Principles

There are few principles Bitsy adheres to in its general design.

Craftsmanship

Tools reflect the values of those who weild them. Bitsy was designed with the digital designer and the verification engineer in mind. Attention has been paid to every detail. And as a result, Bitsy is a pleasure to work with.

Simplicity

Bitsy is simple and easy to learn. It has a clean syntax and excellent developer tooling.

Strongly Typed

Mistakes in hardware can be expensive. While Bitsy is primarily aimed at hobbyist FPGA designs, it still detracts from the experience whenever a preventable error occurs.

Bitsy’s strong type systems is designed so that if your circuit synthesizes, it works.

The expression sublanguage is a total language:

  • Operations must always be totally defined.

  • All conditional expressions are required to have full case coverage.

  • Indexing into a Vec<T, n> must be guaranteed to be in bounds.

  • You are prohibited from observing the unset bits in a value.
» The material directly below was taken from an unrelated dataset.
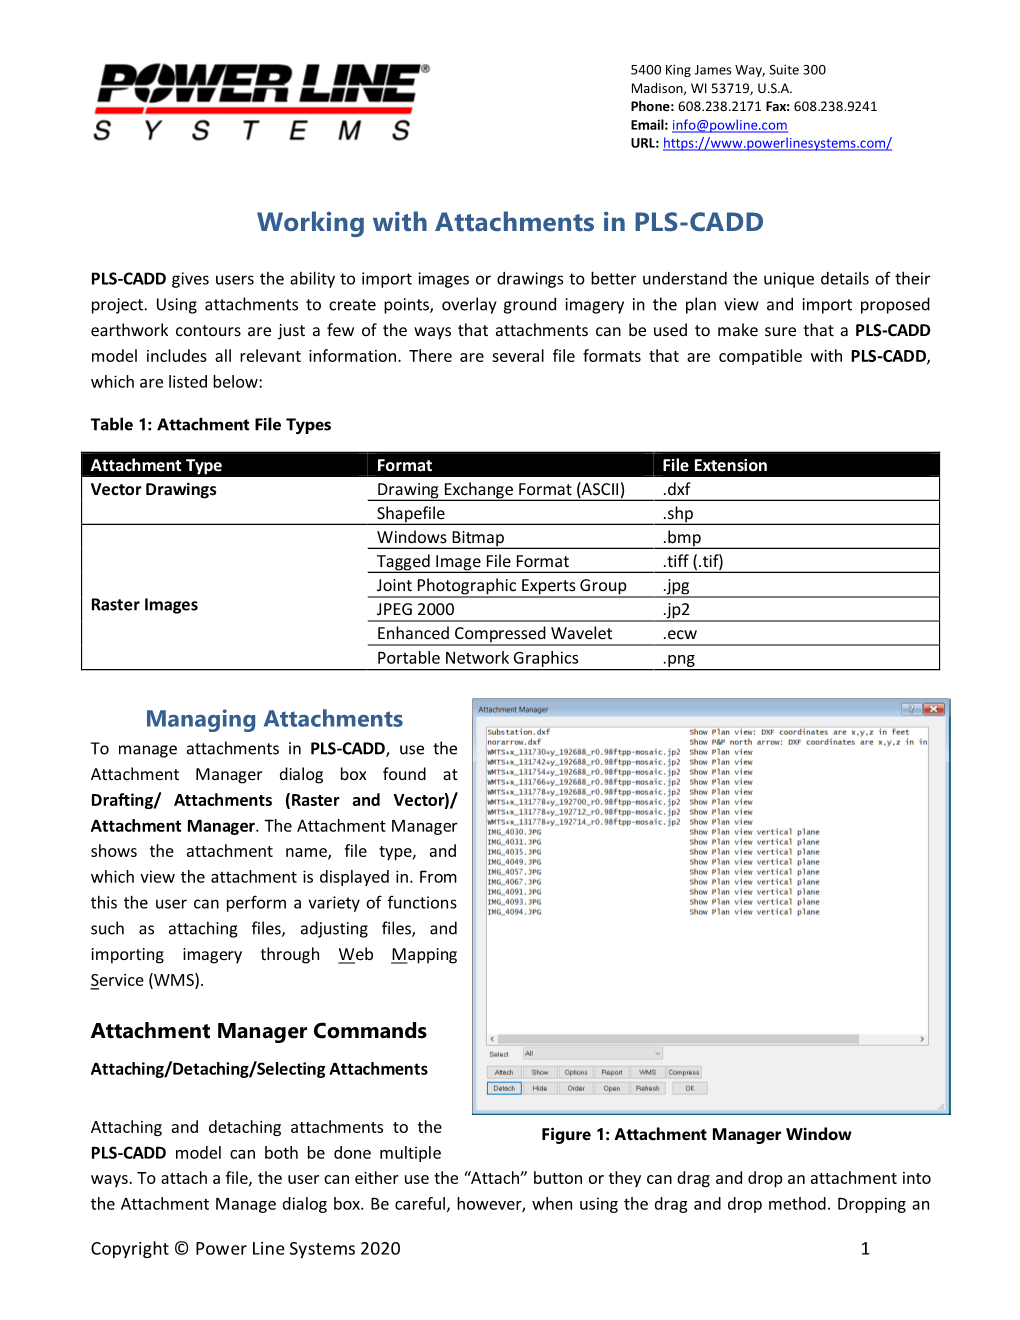 Working with Attachments in PLS-CADD

  • Bitsy’s equivalent of Verilog’s X values are handled in a principled way.

Bitsy also avoids many of the pitfalls of working in Verilog:

  • No components may be left uninitialized.
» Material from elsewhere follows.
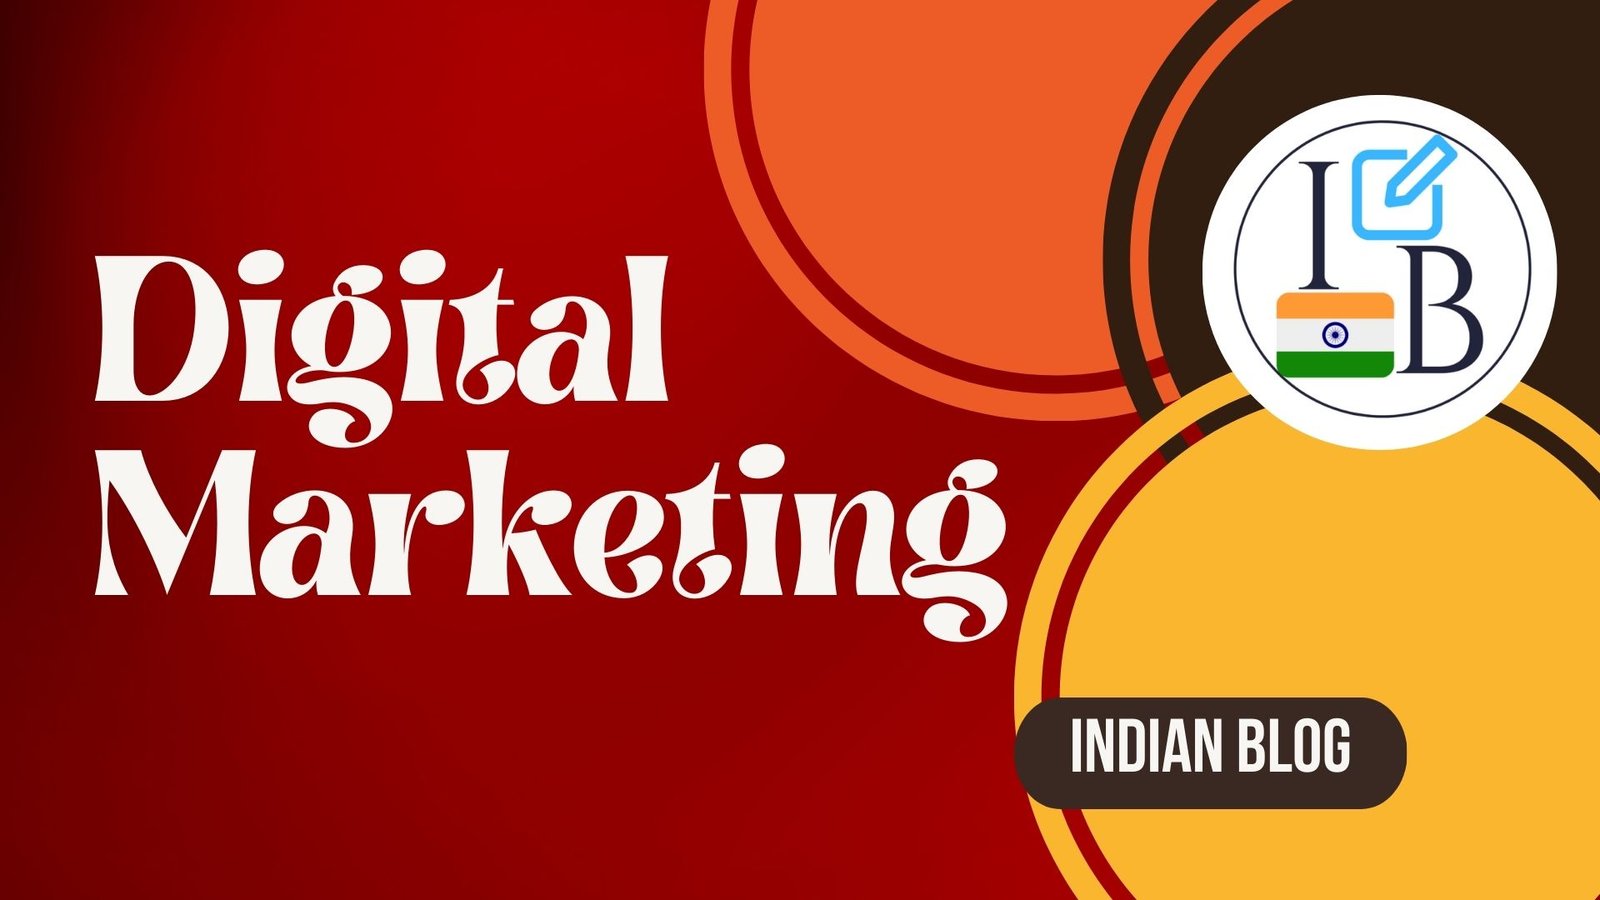 You are currently viewing Digital Marketing: Explained on Indian Blog

  • All nets must have a single driver.

  • Unsynchronized clock domain crossings are illegal.

Digital

Bitsy is oriented towards digital circuits. Every module with a register operates on an implicit clock and reset domain.

Synthesizable

Bitsy has a clear delineation in terms of what is synthesizable and what is not. The translation to actual hardware is always reasonable.

Fun

Bitsy is a fun language to write in. Otherwise, what’s the point?